These are people that are being driven by purpose and passion. They want to bring consciousness to their organisation, they want their company to be doing good. They don’t want their company to be driven by performance and productivity. They want their organisations to become more human and they want to be able to bring their whole self to work, not just the part that’s going to get the job done and that the leaders will reward. They’re now driven by intrinsic motivators, so carrots and sticks, rewards and punishments, bonuses and holidays and cups of coffee and groovy beanbags an office put out, they’re all extrinsic motivators. There are a growing cohort of people and companies that are not motivated by any of that. They want to do meaningful work for a company that’s driven by a higher purpose.

The challenge is that these people are going to leave that organisation yet they’re the very ones that the leaders need to keep. If the leaders can find these purpose activists in their organisations and enable them to infuse the organisation with more meaning to actually give them the leeway and the empowerment to actually start having purpose conversations and helping individuals find meaning, then we can infuse that through the organisation and start to create change within the organisation instead of waiting for our leaders to effect change from above. Which I think, like trickle down purpose, just like trickle down economics, just doesn’t work.

For me it’s about engaging the people that are doing the personal work outside of work. They’re becoming increasingly conscious. They’re watching TED talks, they’re reading alternative business books, they’re very mindful of environment issues and global issues, of community issues and they’re activist in their daily lives and they’d love to actually bring that activism into their workplace. So my call to leaders is to find these people and give them the tools and the support to infuse the organisation with purpose from all angles and all levels. That might not just be employees, it could be other stakeholders that the organisation depends upon as well.

Kylie Lewis: It sounds like you need an evolved leader to embrace that idea. An involved leader, a personally evolved leader themselves, that understands why this is important and perhaps is a bit of an activist themselves. As well as the push up, of people speaking up and having the courage to question some of the practises or to propose something different or to get people to think differently. I think it needs to happen at both ends. How do we go about getting more in touch with our personal purpose? It sounds like there’s the cultural leaders, but there’s the call to we don’t need to sit and wait for our leaders to do this, we can be the change agents ourselves within our organisations.

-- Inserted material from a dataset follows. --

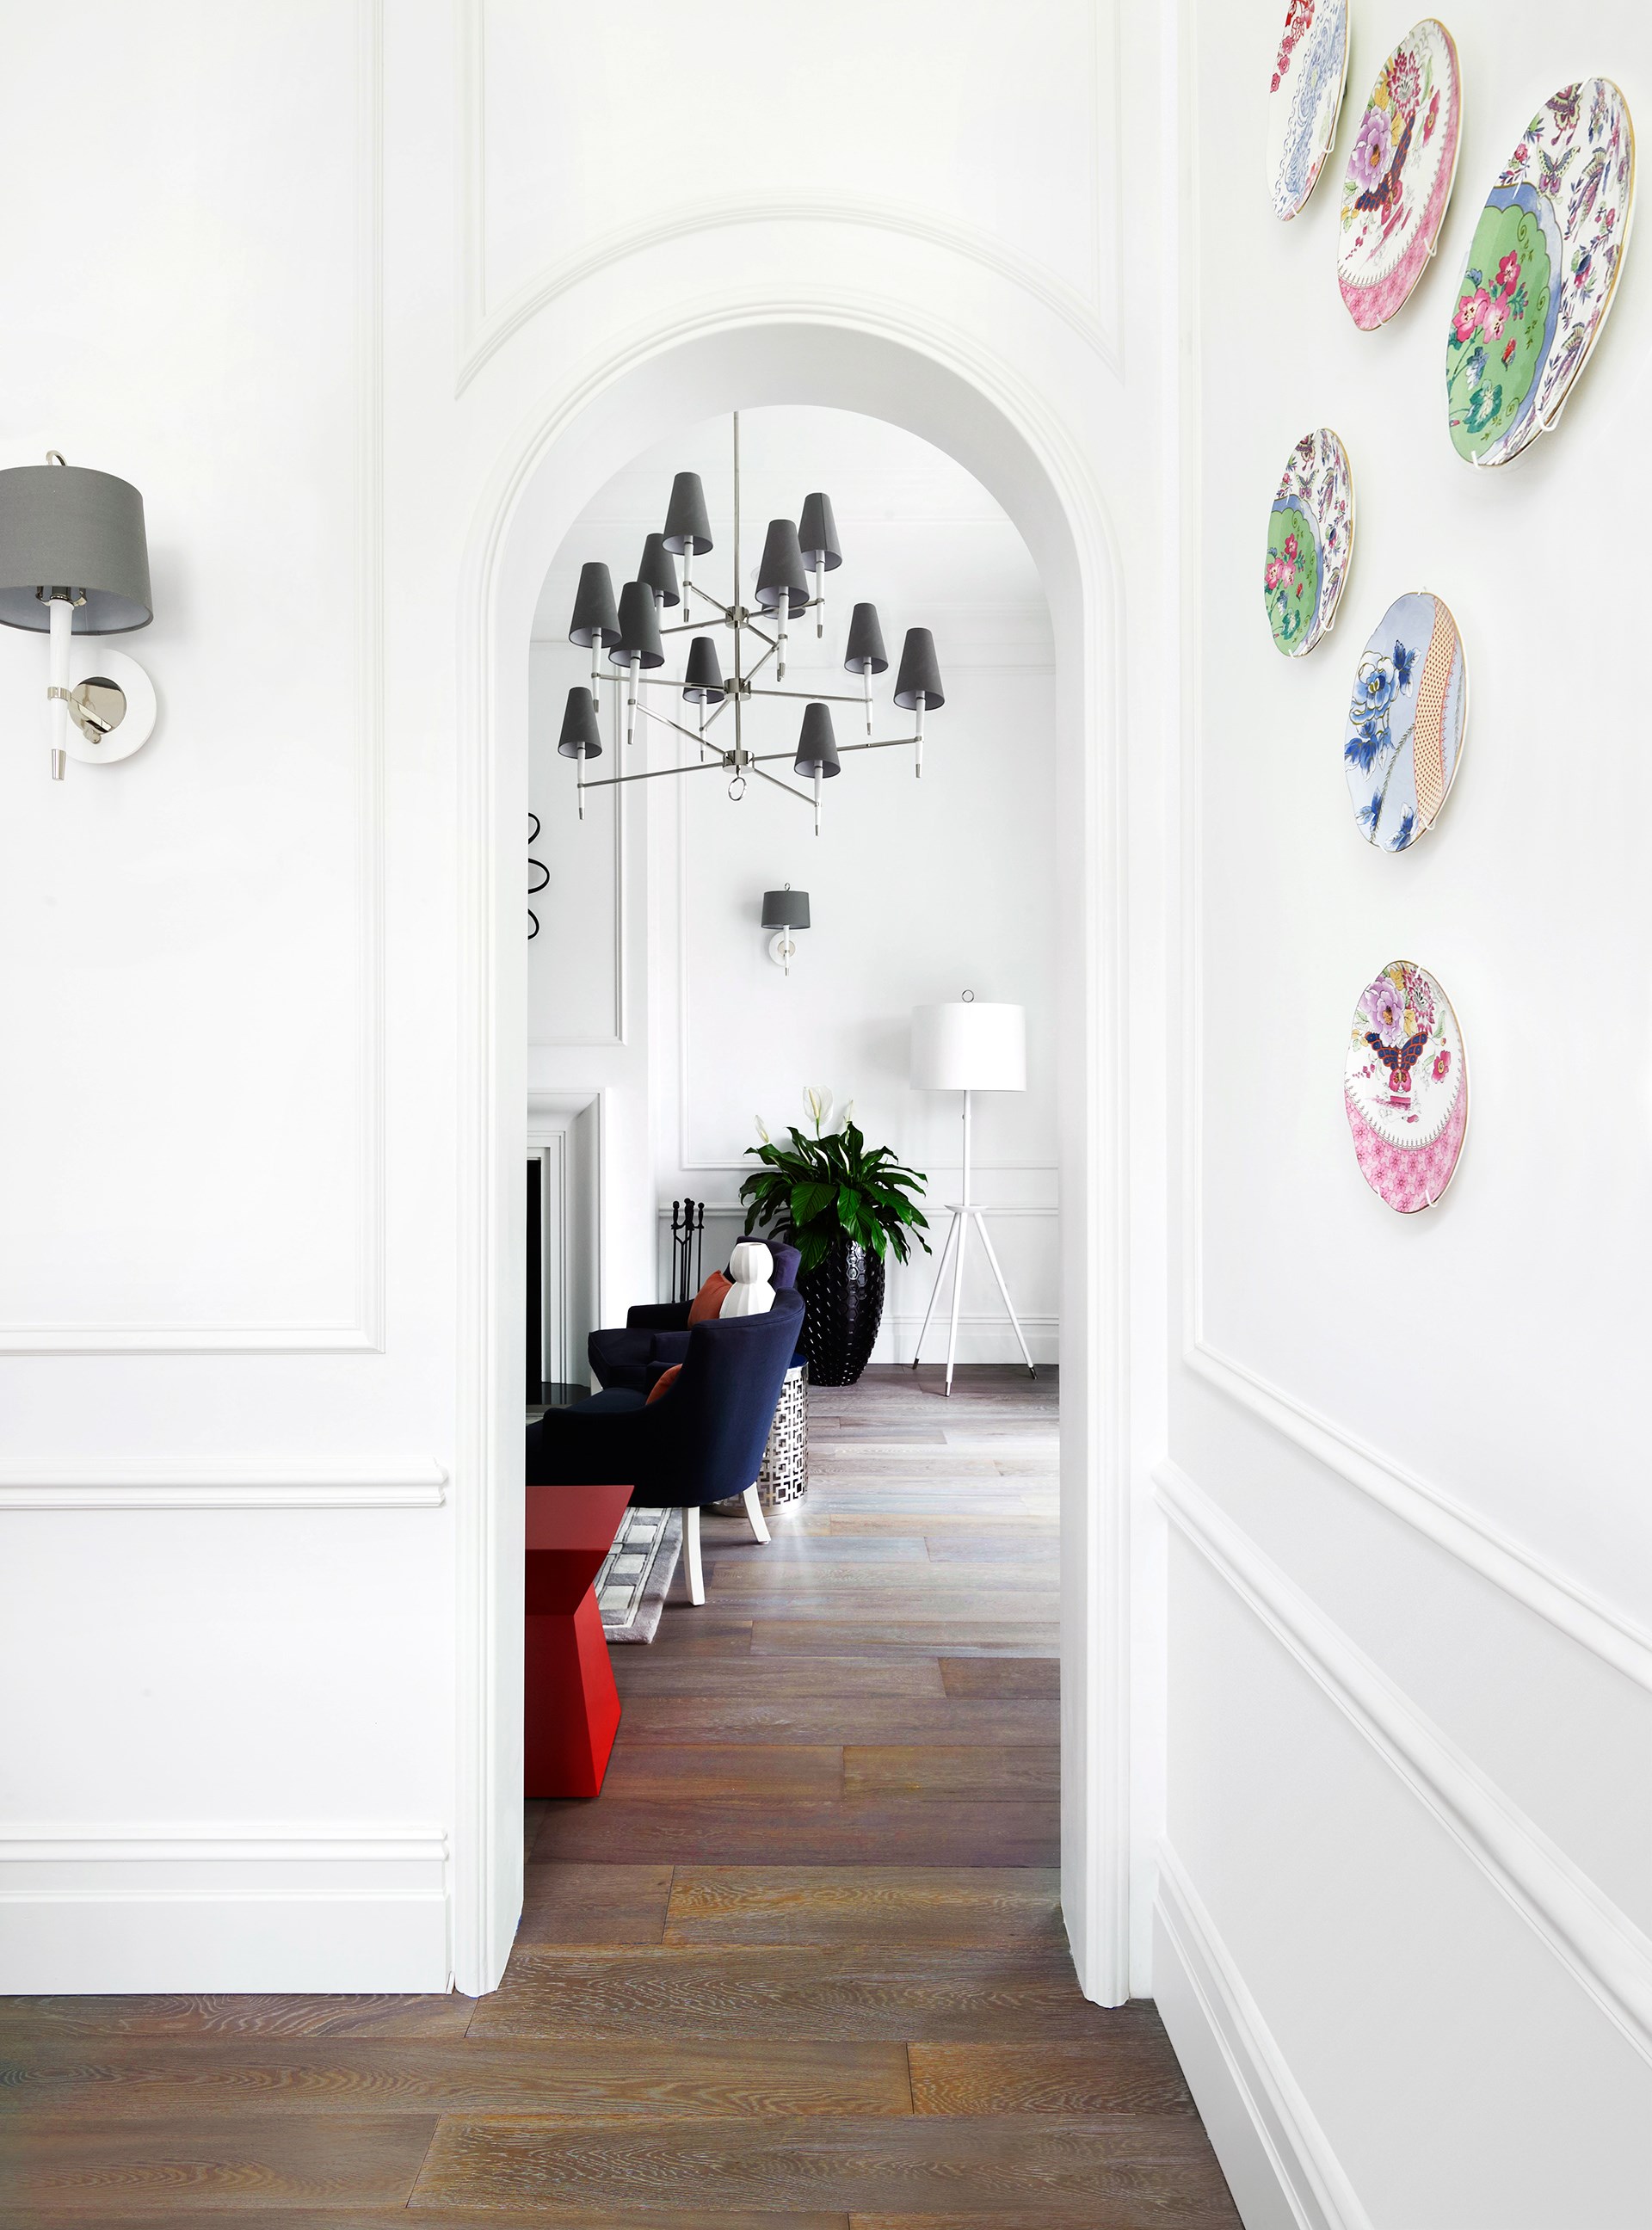 Wall mouldings lend this [luxury family home](http://www.homestolove.com.au/gallery-emma-and-tonis-luxurious-regency-style-home-2311) an early 20th-century French vibe, in keeping with the owner's favourite style. *Photo: Anson Smart*

Carolyn Tate:       We start by accepting that maybe my work life is not … I have a practise in the book about surrendering. That is such a beautiful word, surrendering. It’s just surrendering to the state of our current work situation. Whether we’re happy at work, whether we’re not happy at work, what’s going on? What’s the cause of that unhappiness? Just really surrendering to what is and acknowledging where we are now and where we probably would like to be. I also think that we need to cultivate a curiosity. So many of us go to work, come home, feed the family, go to be, go to work, come home, feed the family. We’re so focused on existing that we’ve forgotten to colour wildly outside the edges of our day to day existence. We don’t go out and we don’t dance, we don’t go and see live music, we don’t do all these things that are participatory. I think we’re very often voyeurs.

We read the paper, we go to a play, we go and watch a movie. We go and watch our kids play sports, whatever, and we’re actually not participating, we’re spectating. Part of finding your purpose is to get insatiably curios and get interested and actually do things. Whether that’s painting, whether it’s going to dance class, whether it’s writing a book, whatever it is actually tapping into those creative talents. That’s just a couple of the practises that I share in the book. They kind of go with the idea of tapping into the inky guy model, which is the Japanese model, which means reason for being. That model tapped into the [inaudible 00:31:45] of each of us as a human. What we can actually explore is those things that we are good at, what we love, what the world needs and what we can be paid for.

Now most of us are working in the two circles of what we’re good at, so we’re using our talents or our strengths for whatever we’ve been trained to do alongside with what we can be paid for and most of these circles are all about working at our profession. A profession is a very rational and functional thing, very often we don’t bring in that circle of what you love or what the world needs. The other two are circles that we try to integrate into our work so we can get them to dance all together over time. That model forms the basis of the book of how can start exploring and I’ve got 50 questions in the book that people can journal on to get a bit of clarity.

We learn our why, we discover our why through doing. Not by dreaming but actually getting out there and doing something and then really feeling, not thinking, feeling into how we feel when we’re actually doing that thing. That’s how we work it out. It’s something that takes years and years and years to do but we have to just start is my point. Just start.

Kylie Lewis:      Do you think that we need to have our why worked out and have that overflowing into our everyday working lives?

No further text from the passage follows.